# EXERCISE DESCRIPTION:
Skip all pictures; return exactly the lines from the one containing "SiSoftware Sandra 2018" through the end of the data.

# SUPPLIED INFORMATION:
======
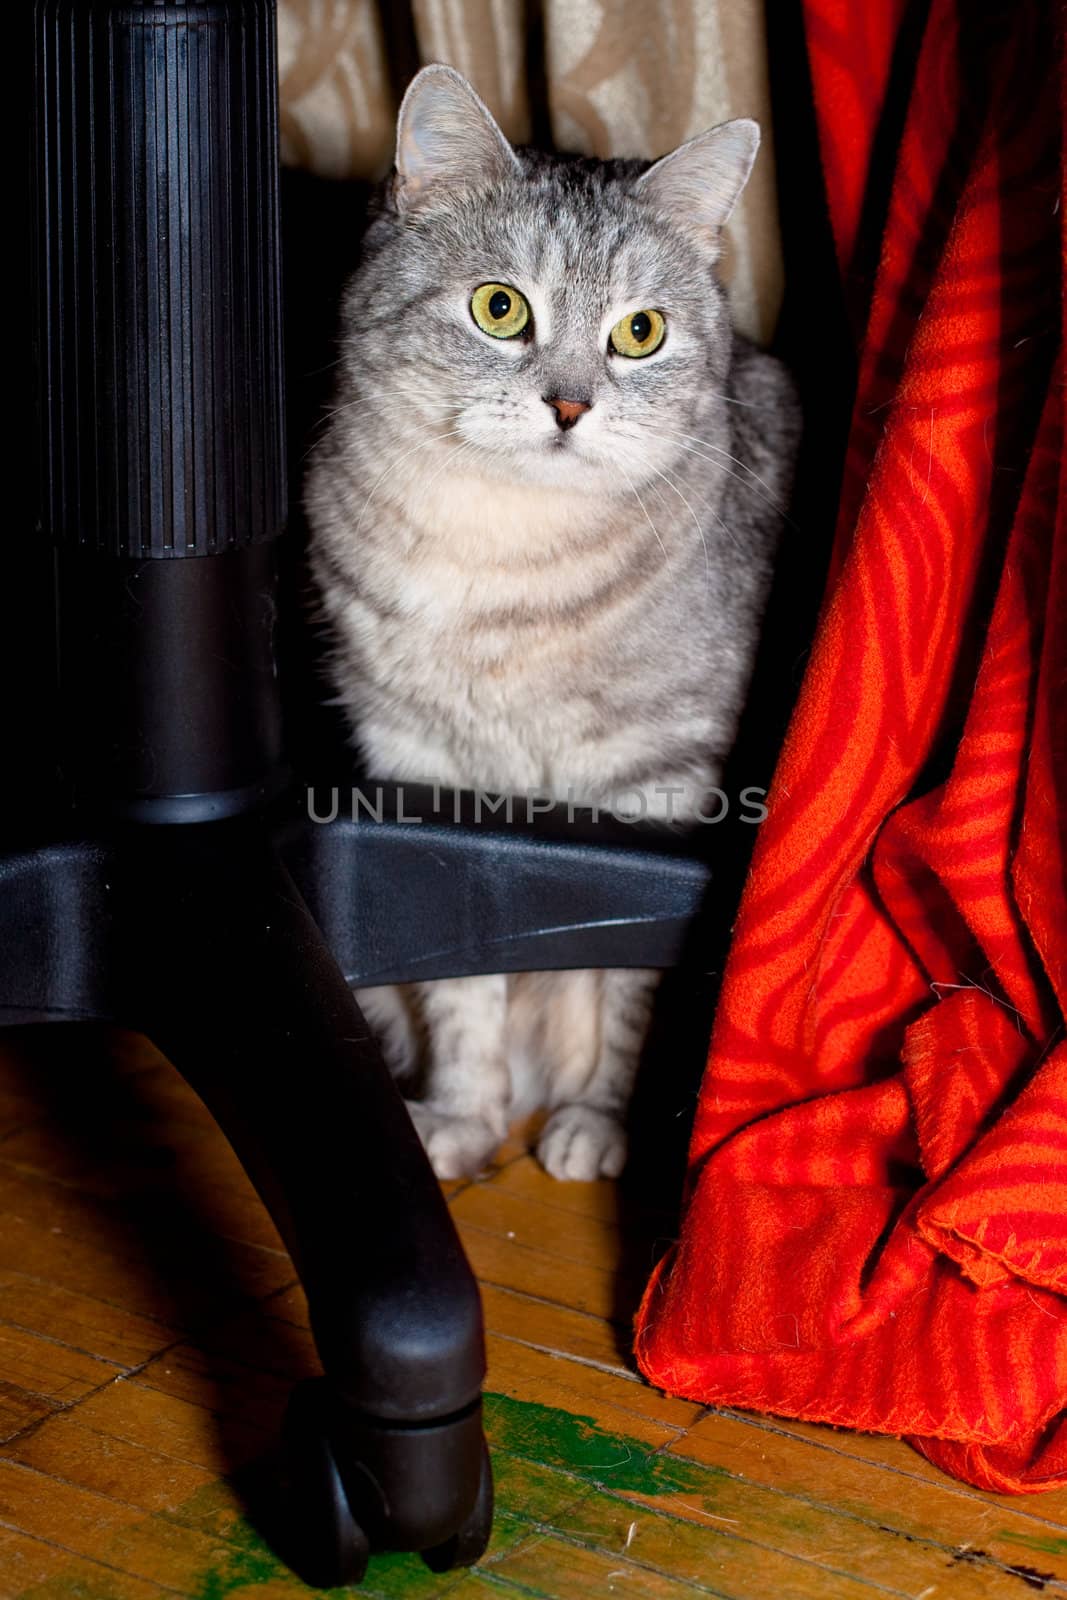 A grey tabby cat sitting under a chair
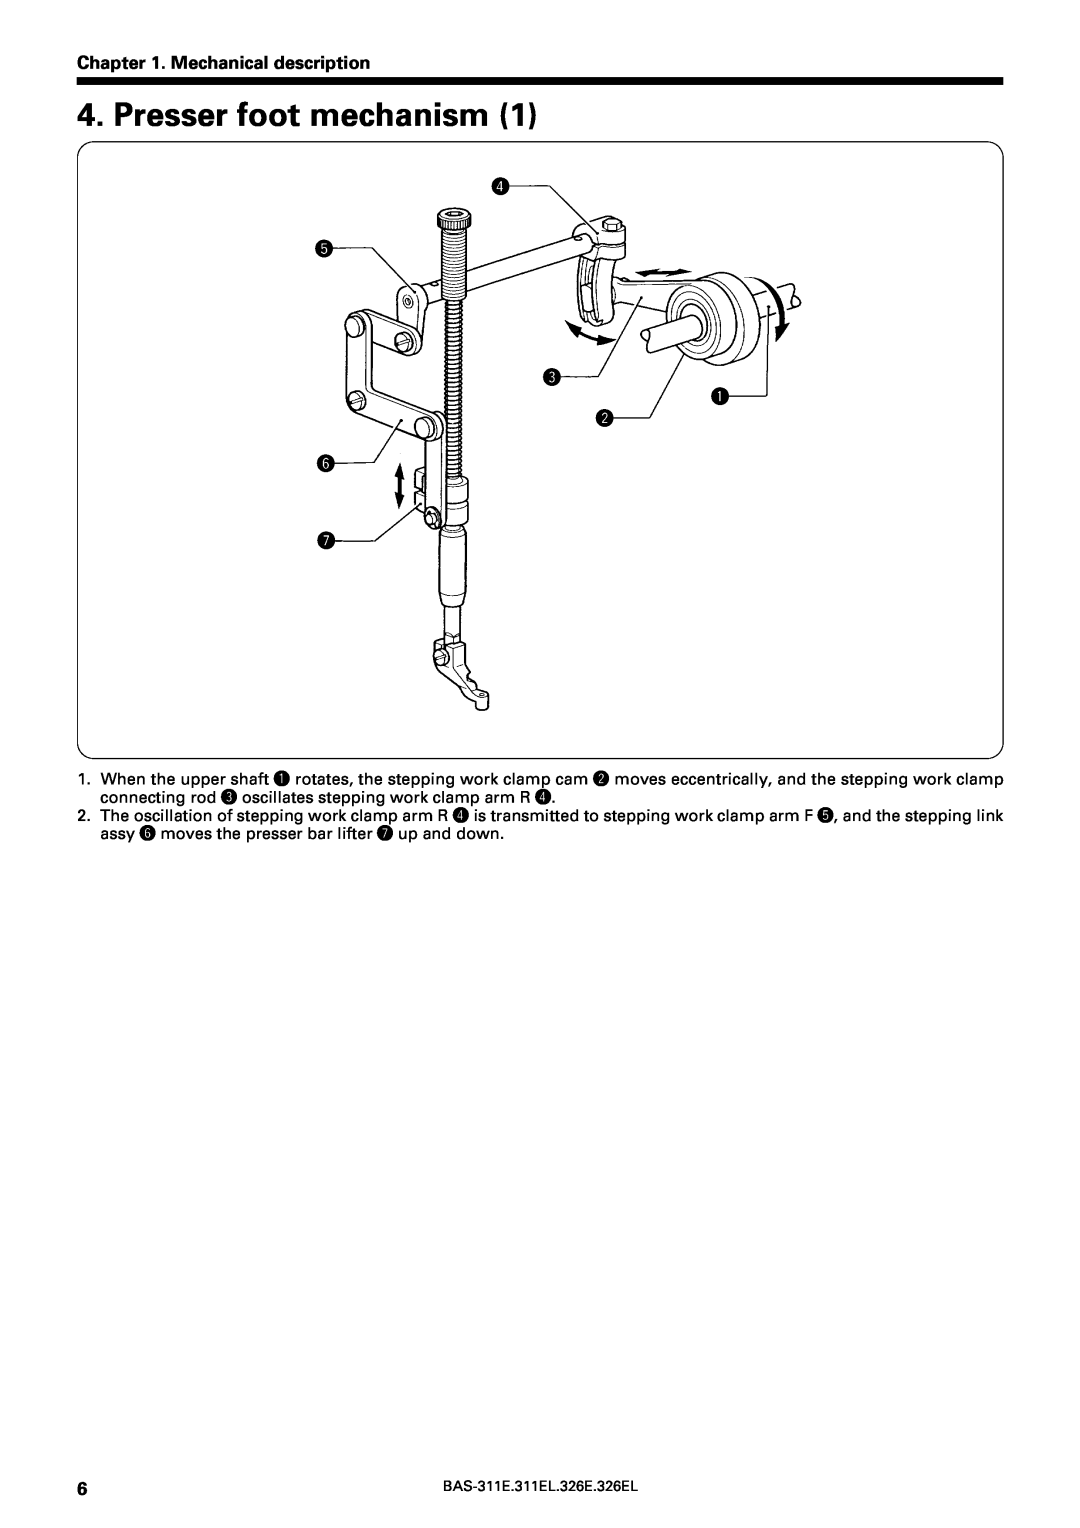 Brother BAS-311E service manual Presser foot mechanism, Mechanical description, r t e q w y u 
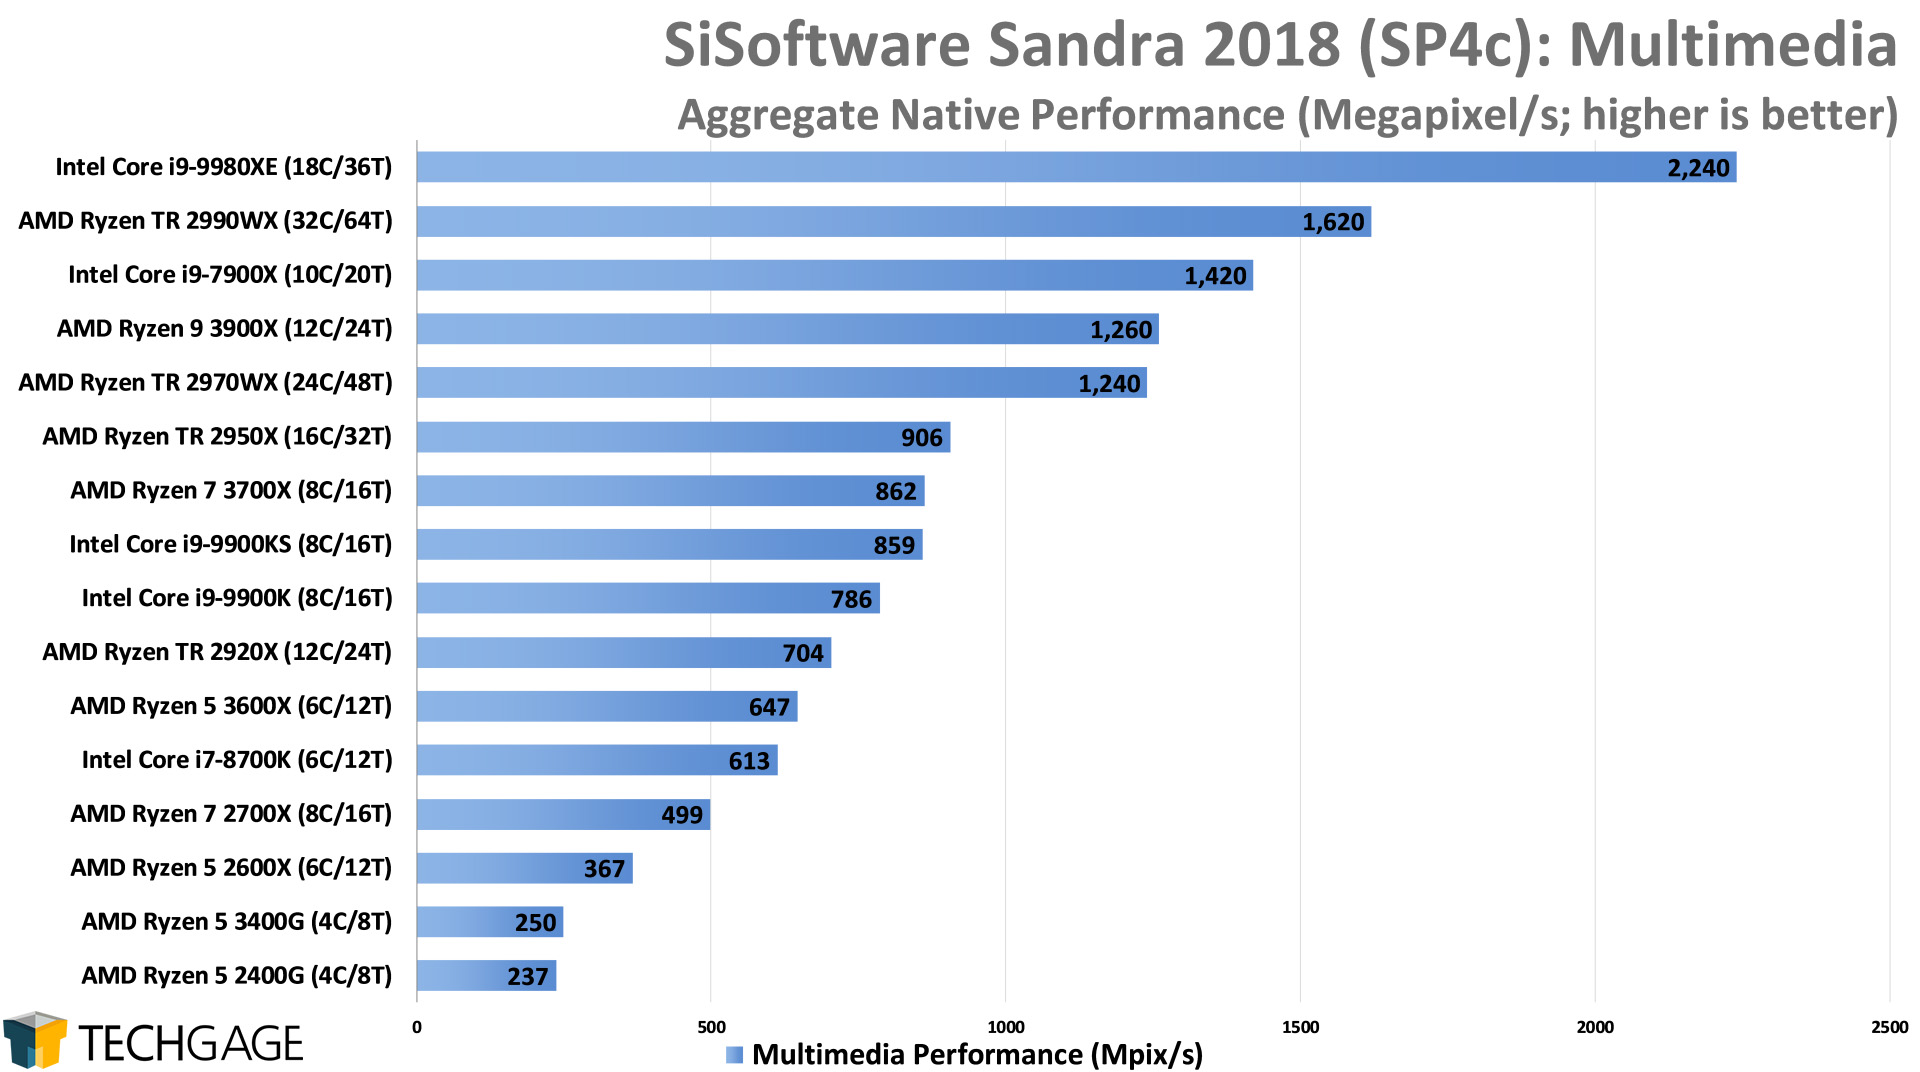 SiSoftware Sandra 2018 - Multi-media Performance (Intel Core i9-9900KS)
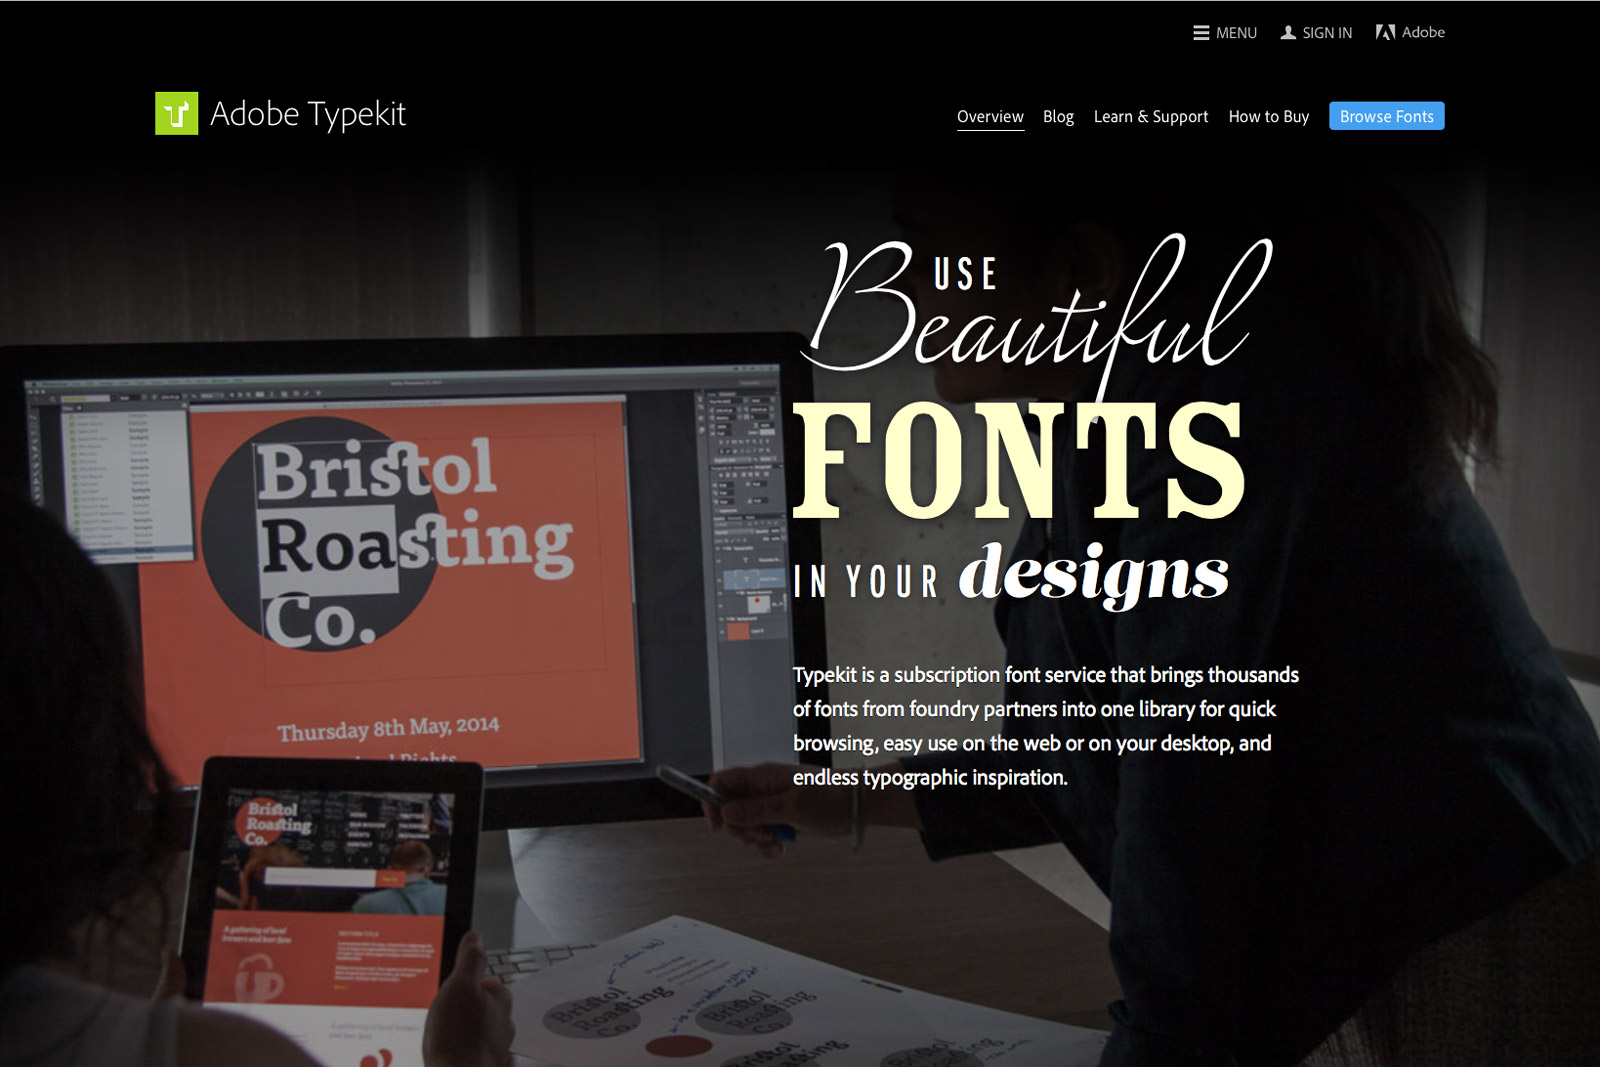 Adobe Typekit homepage
======
# RESPONSE AREA:
 SiSoftware Sandra 2018 - Multi-media Performance (Intel Core i9-9900KS)
 Adobe Typekit homepage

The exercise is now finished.